Figure 2.

hRheb(S16H) expression activates mTORC1 in the hippocampus. (a) Brain sections were stained with anti-phospho-4E-BP1, a mTORC1 substrate, at 4 weeks postinjection of viral vectors. Immunoperoxidase staining for p-4E-BP1 (with thionin counterstain) shows that brown reaction products are clearly observed in the neurons of the hRheb(S16H)-treated group, compared to a modest level in the vehicle-treated group. Bar = 500 μm. Insets show magnified photomicrographs of the area in the CA1 layer. An example of neuronal p-4E-BP1 staining (white arrows) is shown in the inset. All pictures show the representative coronal section of each group (n = 3, each group). (b) Western blot analysis of p-4E-BP1, 4E-BP1, p-p70S6K, and p70S6K expression at 4 weeks after intrahippocampal injection of AAV-GFP and AAV-hRheb(S16H).
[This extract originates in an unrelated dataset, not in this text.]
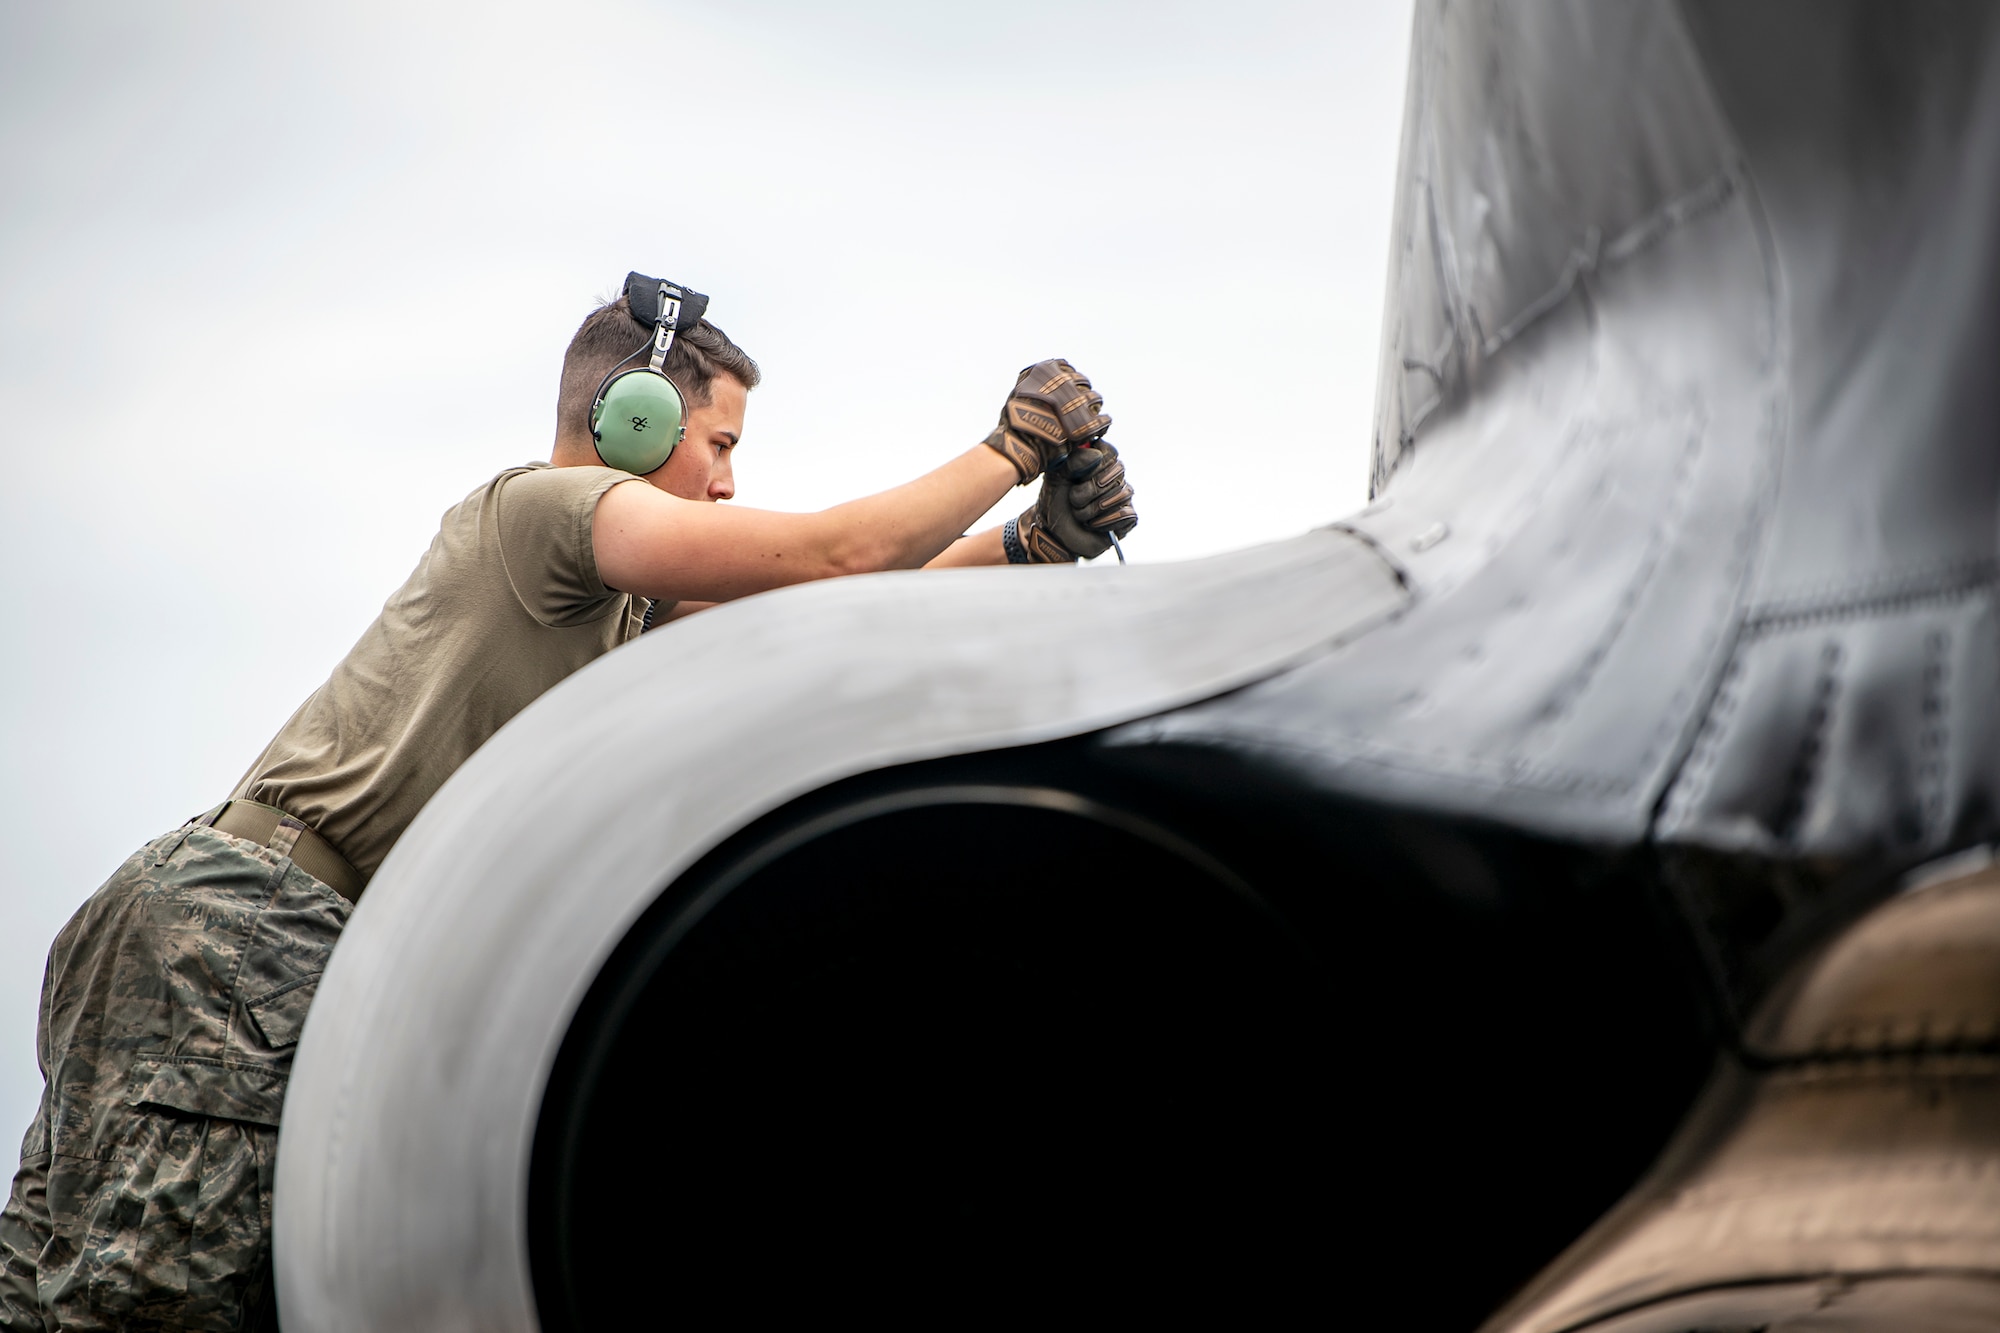 An Airman from the 23rd Aircraft Maintenance Unit, performs maintenance on the engine of a B-52 Stratofortress aircraft assigned to the 23rd Expeditionary Bomb Squadron at RAF Fairford, United Kingdom, Sept. 21, 2022. Dozens of Airmen supported the Bomber Task Force mission which was intended to deter adversaries, assure allies and partners, strengthen interoperability, maintain and demonstrate readiness and lethality. (U.S. Air Force photo by Staff Sgt. Eugene Oliver)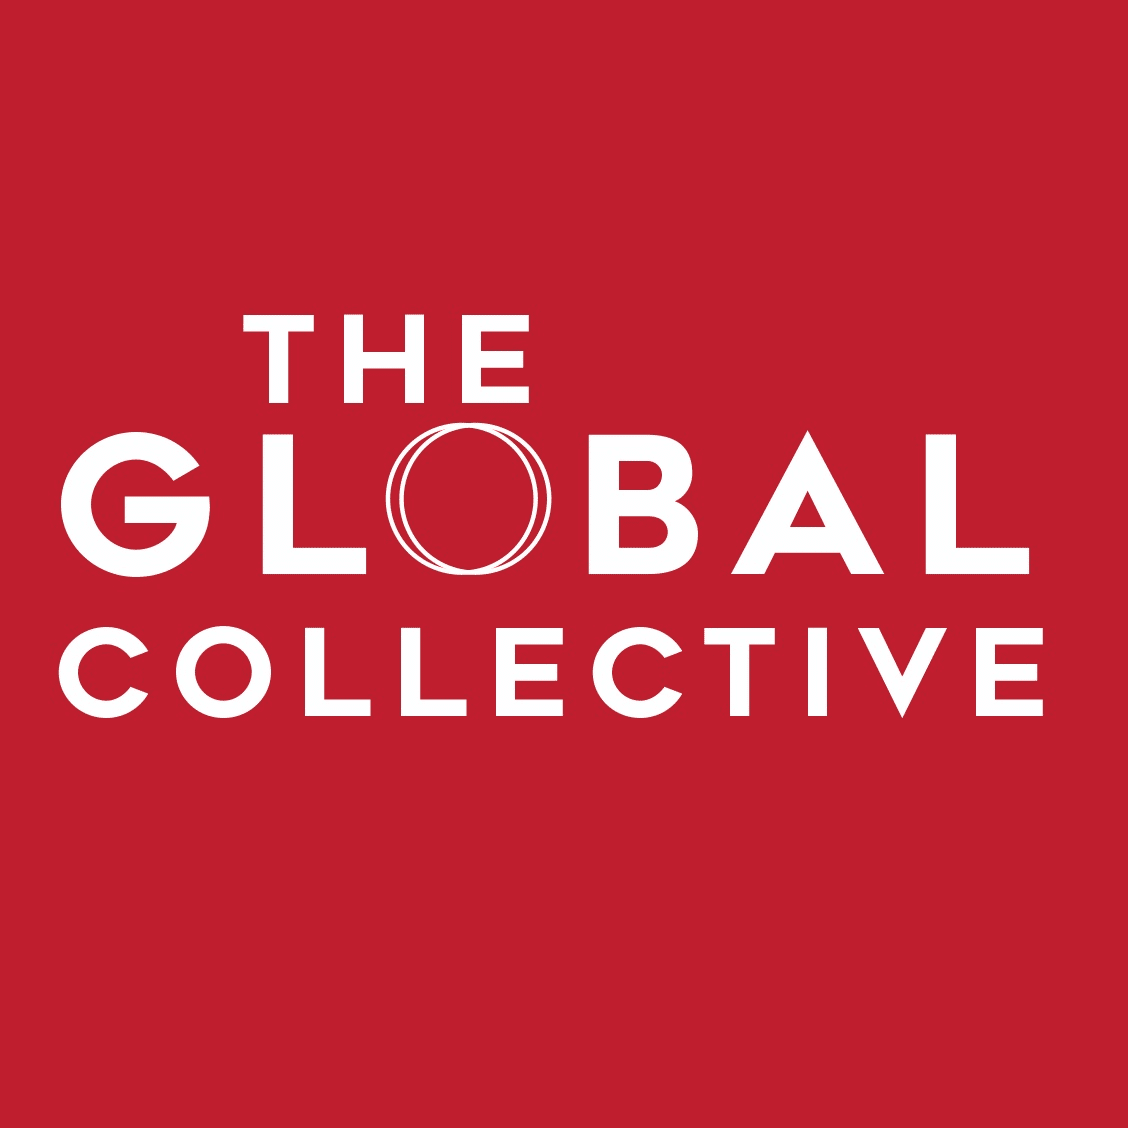 The Global Collective

Successful transduction of the hippocampus was confirmed in each case by western blot analysis of GFP and FLAG expressions. (c) The histogram results show the results of a quantitative analysis based on the density of the p-4E-BP1, 4E-BP1, p-p70S6K, and p70S6K bands normalized with the β-actin band for each sample. All values represent the mean ± SEM of four pooled samples for each group. *P < 0.01, significantly different from contralateral control side (CON) and AAV-GFP (one-way analysis of variance and Student–Newman–Keuls analysis).